Посторонний
Шрифт:
Итак, сто двадцать четыре страницы машинописного текста через один интервал, итого почти девять авторских листов, три рубля за каждый -
27 (двадцать семь) рублей, чтение “по диагонали” занимает не более сорока минут, по пути обычно выдергивается несколько ляпов, для последующего отказа “ввиду явной неопытности”, нелишне запомнить две-три фамилии. Как бы между прочим отметил: первый экземпляр, второй, видимо, на пути в редакцию – журнала или издательства, да какая мне забота. Попутно: текст прополз по валику пишущей машинки, изготовленной до орфографической революции 1917 года, но некоторые литеры были заменены, и ветеран пользовался вполне советскими нормами правописания.
Прочитал треть всего написанного, посвящена
Листы в папку, тесемочки завязаны. Зевнул, разлегся, заснул. Было около часа ночи ленинградских суток девятнадцатого апреля какого-то года. Завтра, решено было, отнесу рукопись в музей, еще дня два-три поболтаюсь в городе, похожу вокруг храмов. Итак, спать. Заснул.
Нет, не заснул. Поскрипел на кровати и мышью тишайшей встал.

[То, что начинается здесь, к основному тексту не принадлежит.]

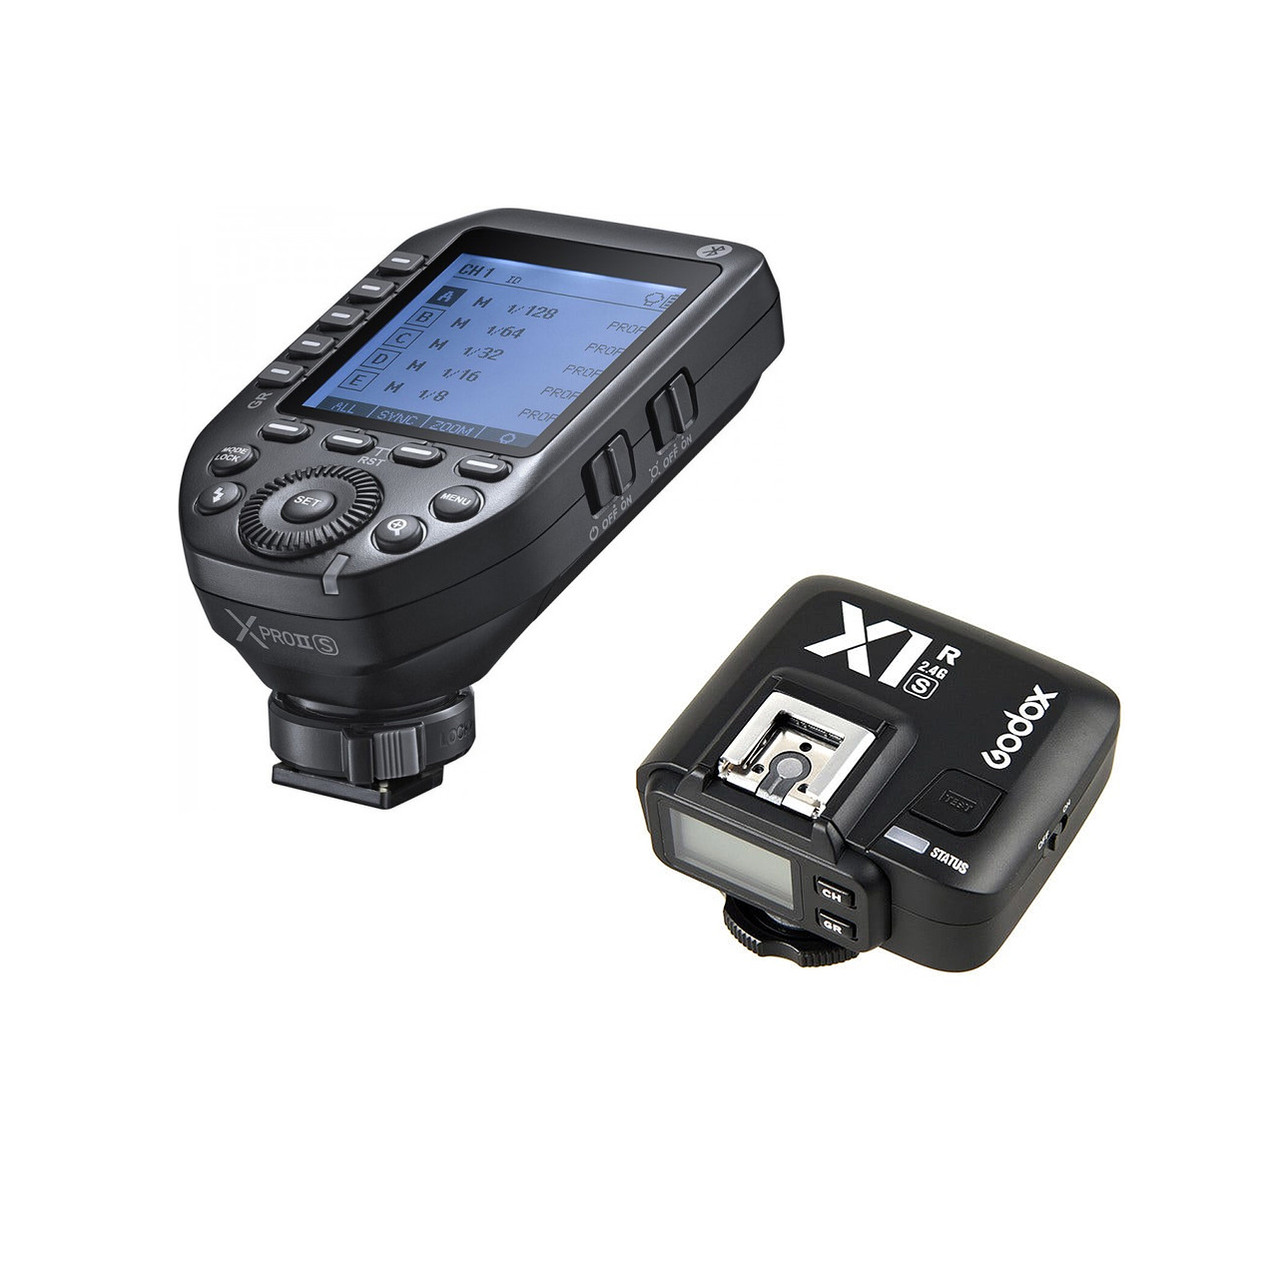 Godox Xpro-S + X1R-S TTL Wireless Flash Trigger & Receiver

Потянулся к папке. Тесемочки развязаны, вся машинопись извлечена, разложена по столу, стульям и кровати. Текст показался мне загадочным, диковинным, написанным не одним человеком, а двумя, если не тремя, и содержание таково, что словесная вязь прикрывает нечто страшное. И адресован был текст неизвестно кому и уж точно – не музею.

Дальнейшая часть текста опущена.